Does the Amount of Credit Pulls Really Matter?

Many people seem very concerned how many times their credit bureaus are pulled. What those people don’t realize is that how many times a credit bureau is pulled is only 10% of how a credit score is determined. 35% of a score is based on payment history. 30% is based on how much is owed compared to what the limit is and 15% is based on the length of credit history or how long credit has been carried for. So wouldn’t it make more sense to pay more attention to when credit is paid or how much is owed vs limit then if credit is pulled an extra time when between these two items this is 65% of a credit score weight?

Credit has gotten much more complicated when looking at purchasing a house than in the past. There is the FICO score that lenders use as a basis to whether they are going to lend out further credit. The FICO score was developed by the Fair, Isaac & Company in 1989 summarizing a person’s credit report on how they managed their debt and their history of using credit. This is determined by the formula above. These score range from 300-850. An ok score for best rates is anything above 640, however, ideally, a score above 680 or higher is preferred. Then there is the bankruptcy navigation index, the CRP score and the ERS score. The bankruptcy navigation index determines the likely hood of a client going bankrupt within the next 24 months. The lower score the more likely a lender will see a bankruptcy from them in this time period. The CRP score is able to identify high-risk customers. It takes into account the age of the file, the length of each credit item and the history behind how someone is paying. The ERS score is the Equifax Risk Score that predicts the likely hood of a customer paying late on their accounts over 90 days within the next 12 months. The lower the ERS score the more likely it is that the client could start making late payments. This is the score most people get when a credit bureau is requested and can be the reason how come the credit score is different then what the lender or Mortgage Broker pulls.

Also, what people don’t realize is that when a lender or Mortgage Associate pulls credit that person is paying attention to who else has been pulling that credit bureau and not just the credit scores. The credit score can be excellent but if the last company to pull the credit bureau was a bankruptcy trustee or a credit counselling service instantly there will be questions. Why is this company pulling credit? What is the person’s involvement with this company? How come this person thinks that this company is needed? Mortgage Broker’s need to know this because that is what the lenders are going to be asking also.

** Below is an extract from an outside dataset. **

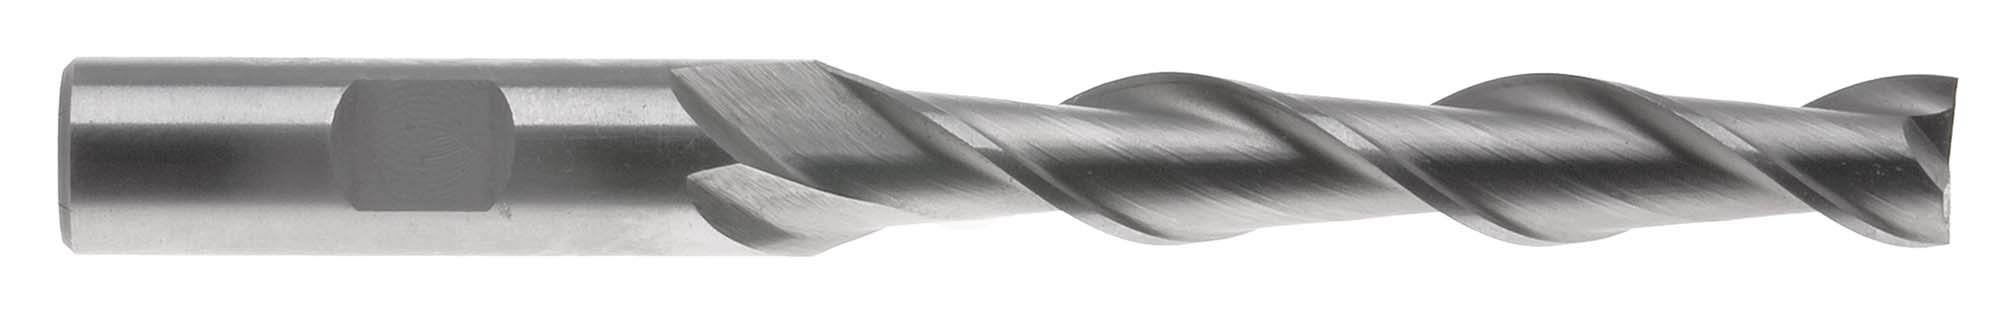 EM-AL14B  7/16"  Extra Long Aluminum Cutting 2 Flute End Mill with High Helix Flutes, 1/2" shank, High Speed Steel

Mortgage Broker’s & lender’s also look line by line at credit history. Are there any late payments showing up in the last six to seven years? How long was the late run for? Did the late payments get cleaned up quickly? How often are the late payments happening? Is this a habit or an incident? Then we will ask the client for details on what was going on to create the late payment history. If an item went from a late payment to a collection there are even more questions and is there a plan to clean up the collections?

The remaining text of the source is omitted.